• What to produce
No pictures belong in the copy. Retype exactly, and only, the stretch of lines below from the one with "Tödliche Zucker durch" through the one with "Safe or Danger?".

• Provided data
_ _ _ _ _

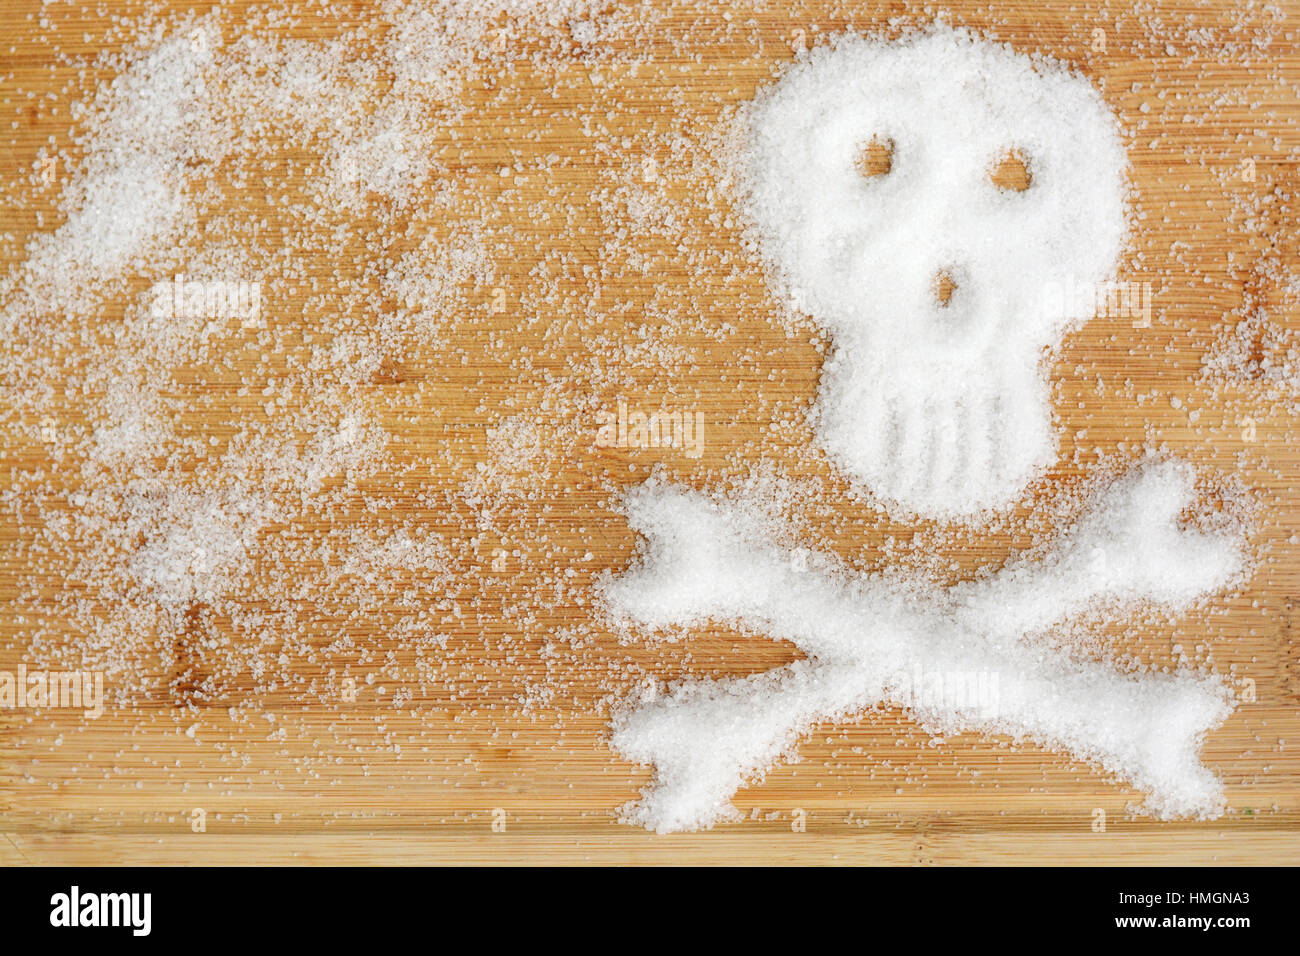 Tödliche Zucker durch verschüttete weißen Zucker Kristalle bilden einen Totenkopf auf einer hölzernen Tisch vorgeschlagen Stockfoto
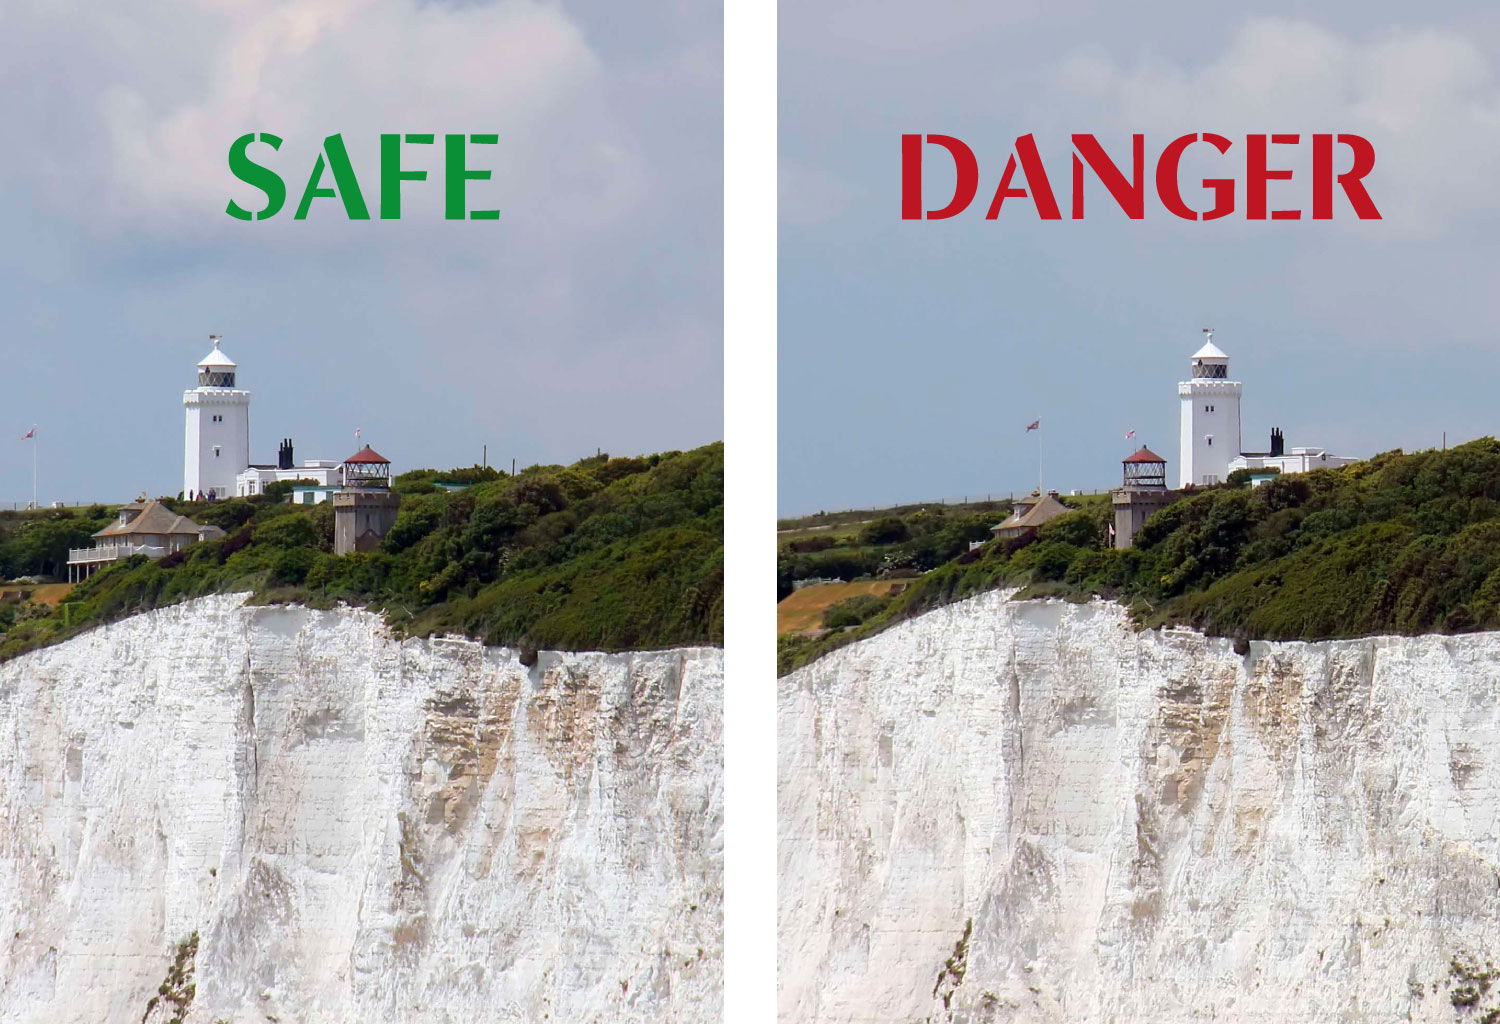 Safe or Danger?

_ _ _ _ _

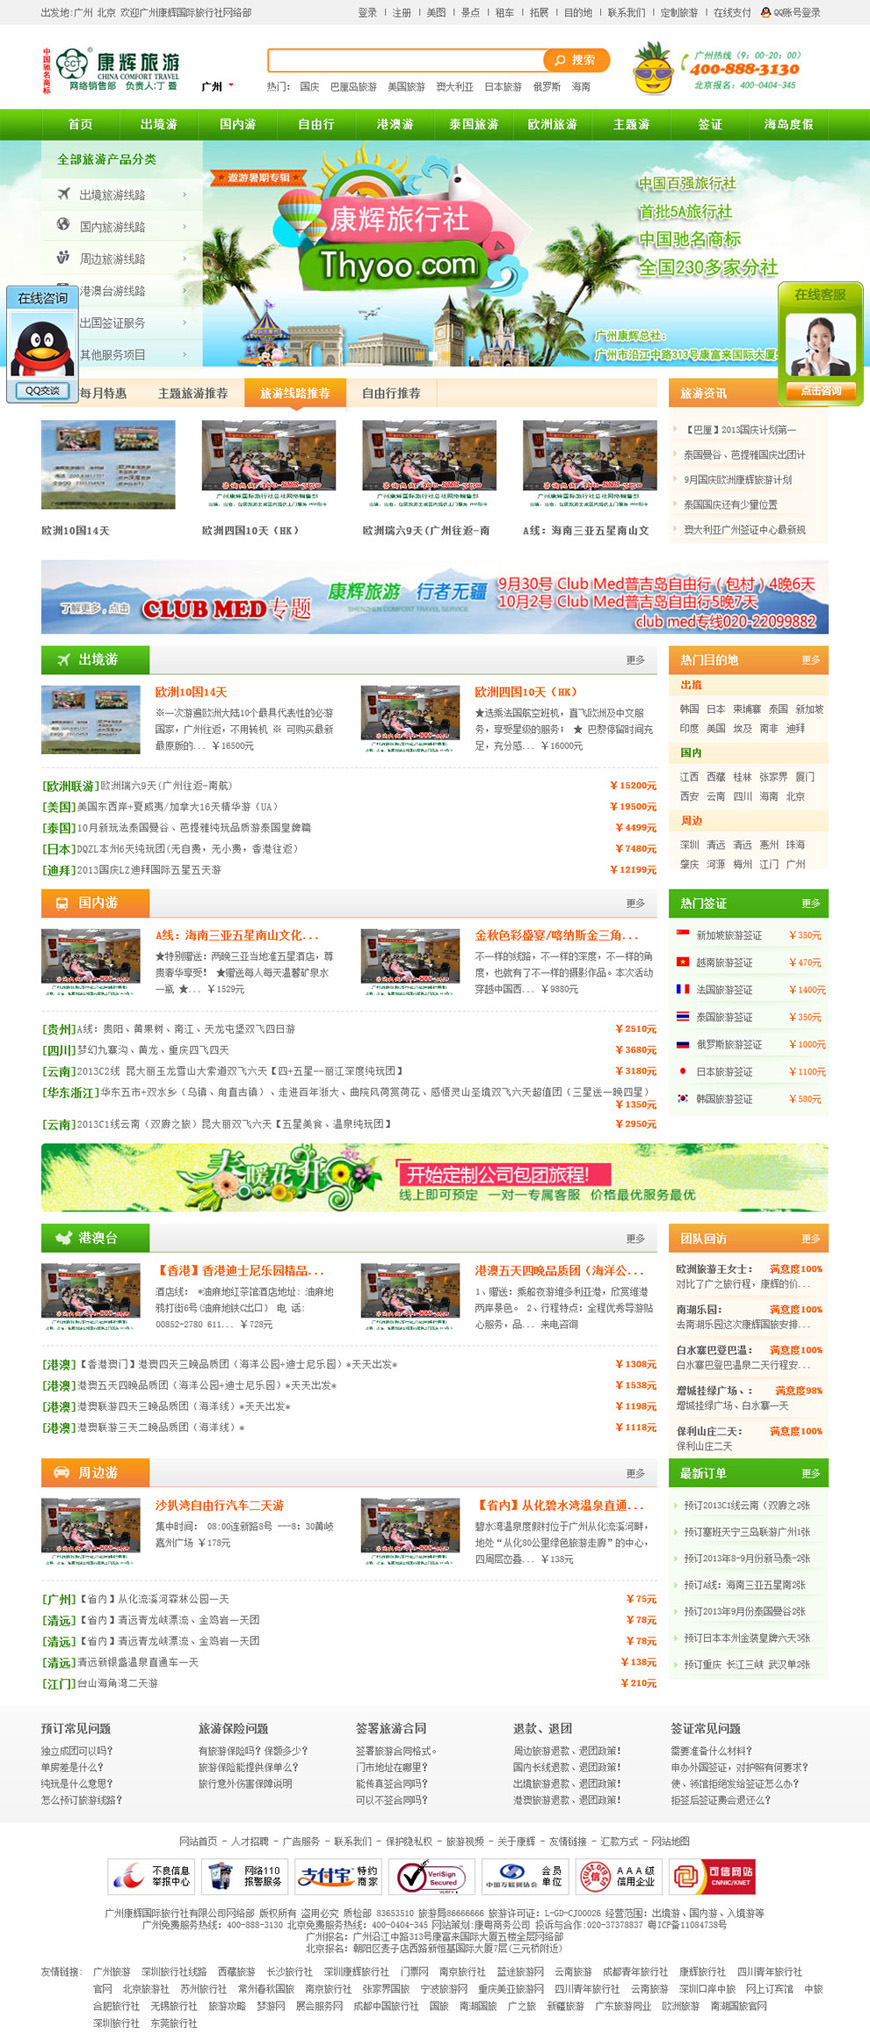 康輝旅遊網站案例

_ _ _ _ _

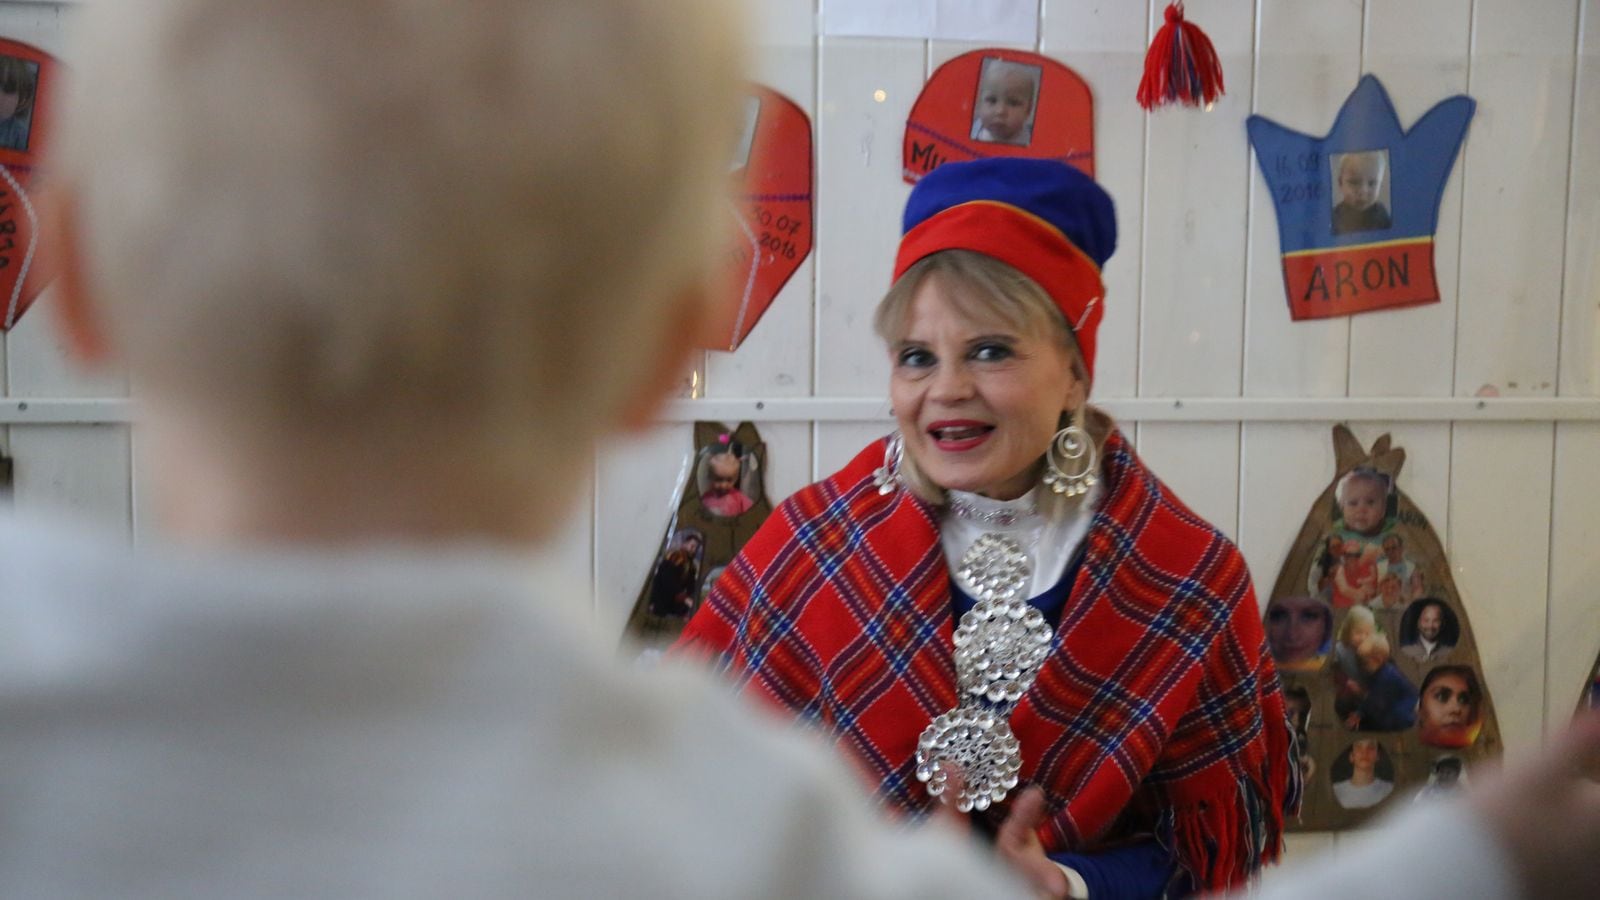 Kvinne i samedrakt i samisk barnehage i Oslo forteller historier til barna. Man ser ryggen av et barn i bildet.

_ _ _ _ _

• Response area
 Tödliche Zucker durch verschüttete weißen Zucker Kristalle bilden einen Totenkopf auf einer hölzernen Tisch vorgeschlagen Stockfoto
 Safe or Danger?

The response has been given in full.